§ DATASET CONTENT:
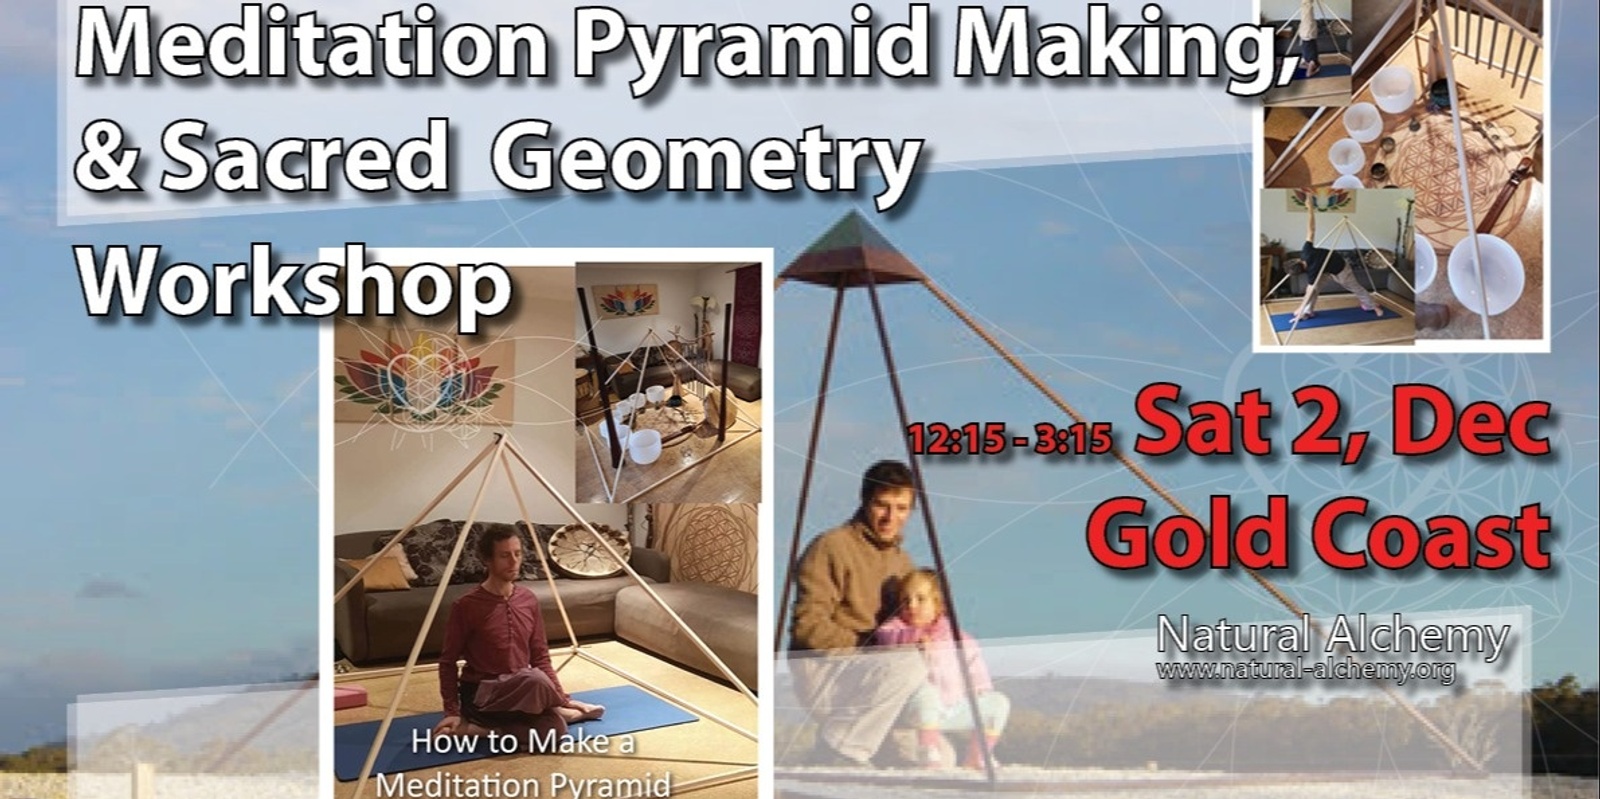 Banner image for Pyramid crafting, & sacred geometry workshop_GoldCoast
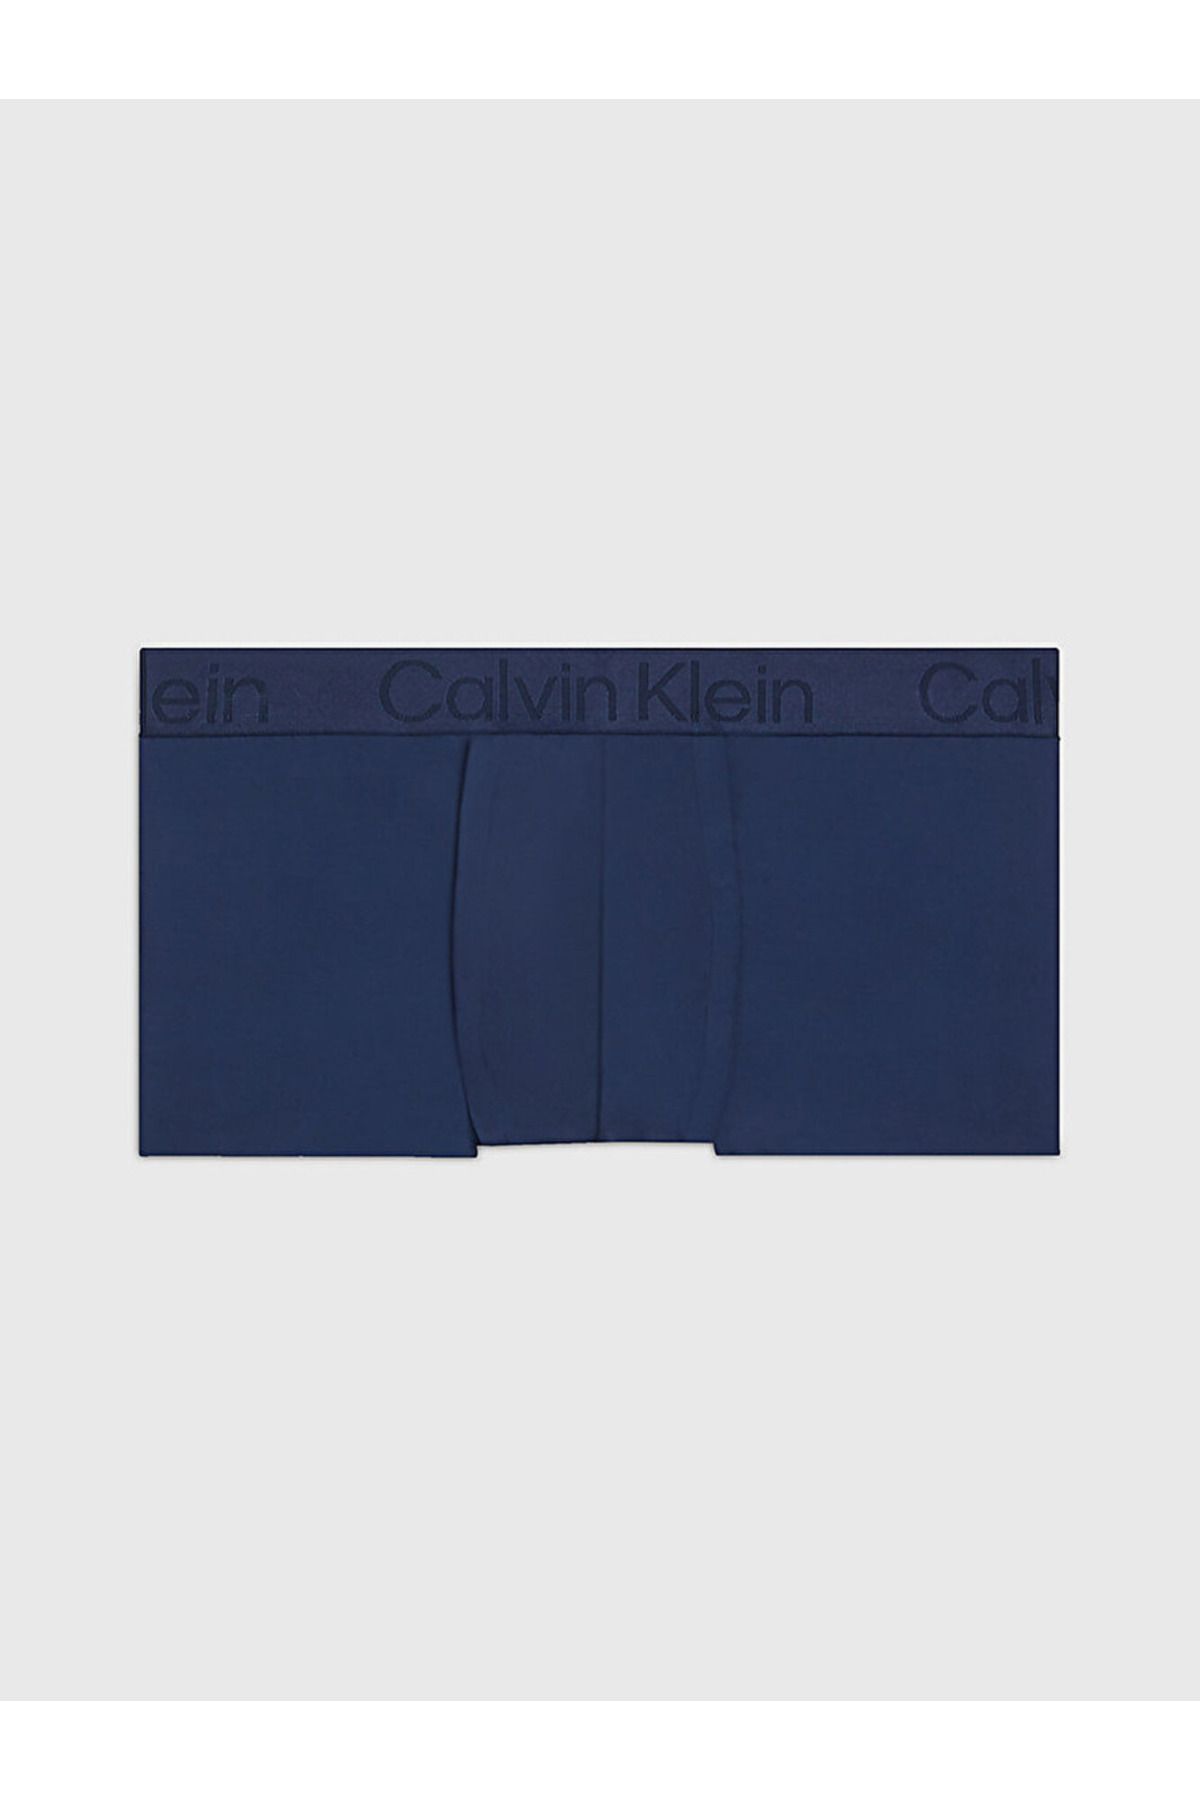 Calvin Klein Low Rise Trunks - CK Black Cooling
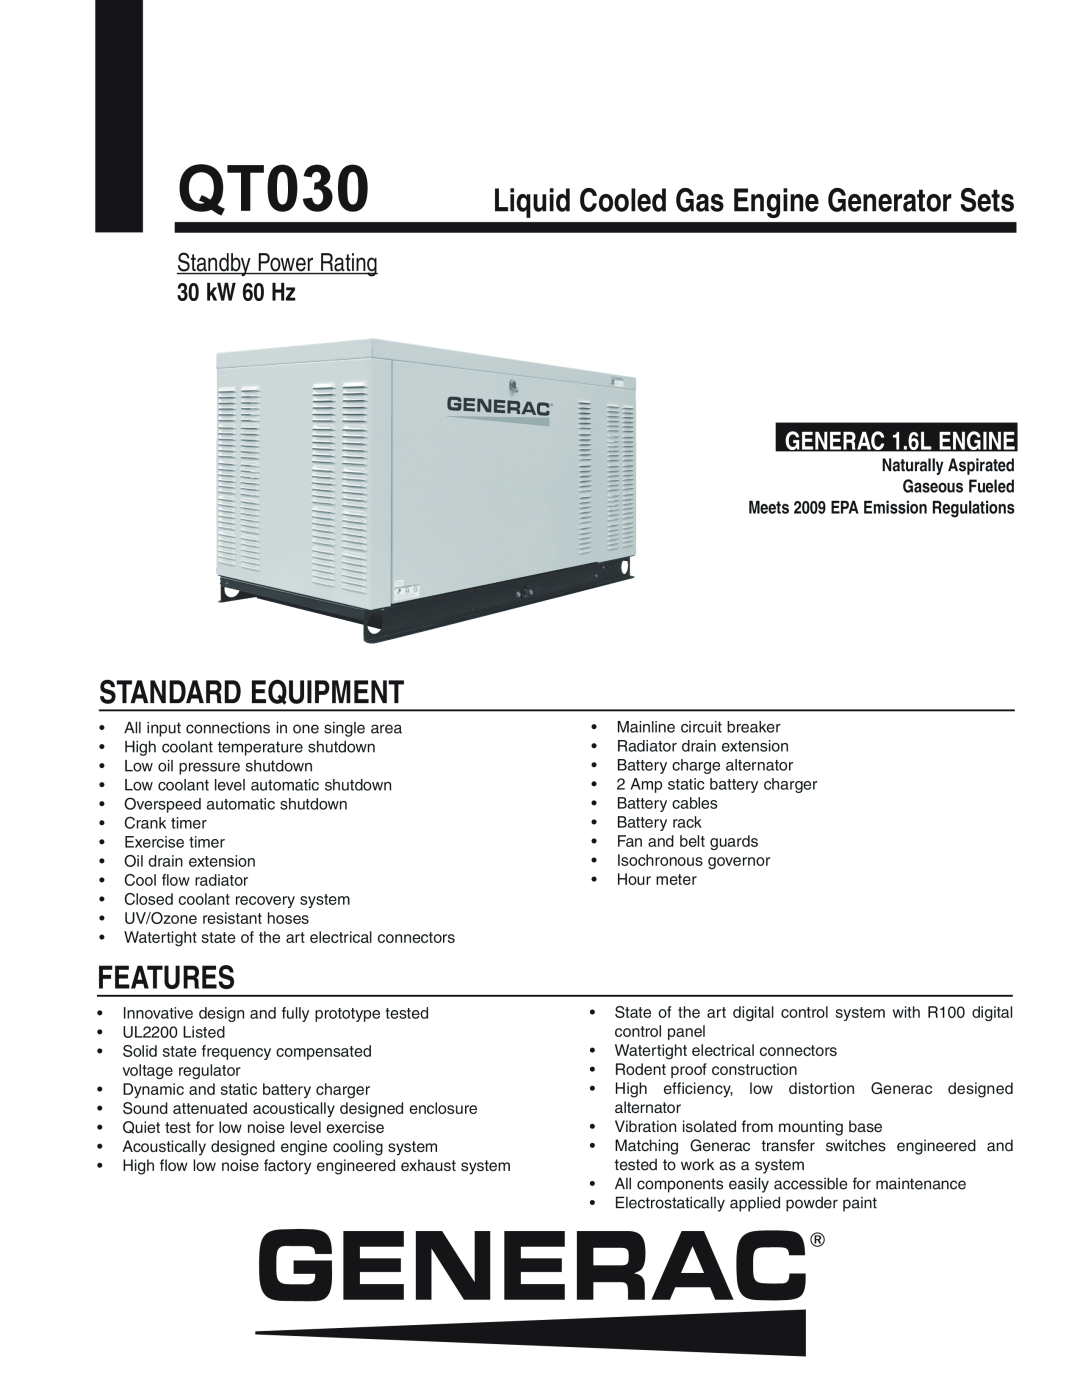 Generac QT03016JNSX manual Liquid Cooled Gas Engine Generator Sets, Standby Power Rating, 30 kW 60 Hz, GENERAC 1.6L ENGINE

§ ACTIVITY: Set the pictures aside and reproduce the data above exactly.

§ ANSWER BOX:
 Banner image for Pyramid crafting, & sacred geometry workshop_GoldCoast
 Calvin Klein Low Rise Trunks - CK Black Cooling
 Generac QT03016JNSX manual Liquid Cooled Gas Engine Generator Sets, Standby Power Rating, 30 kW 60 Hz, GENERAC 1.6L ENGINE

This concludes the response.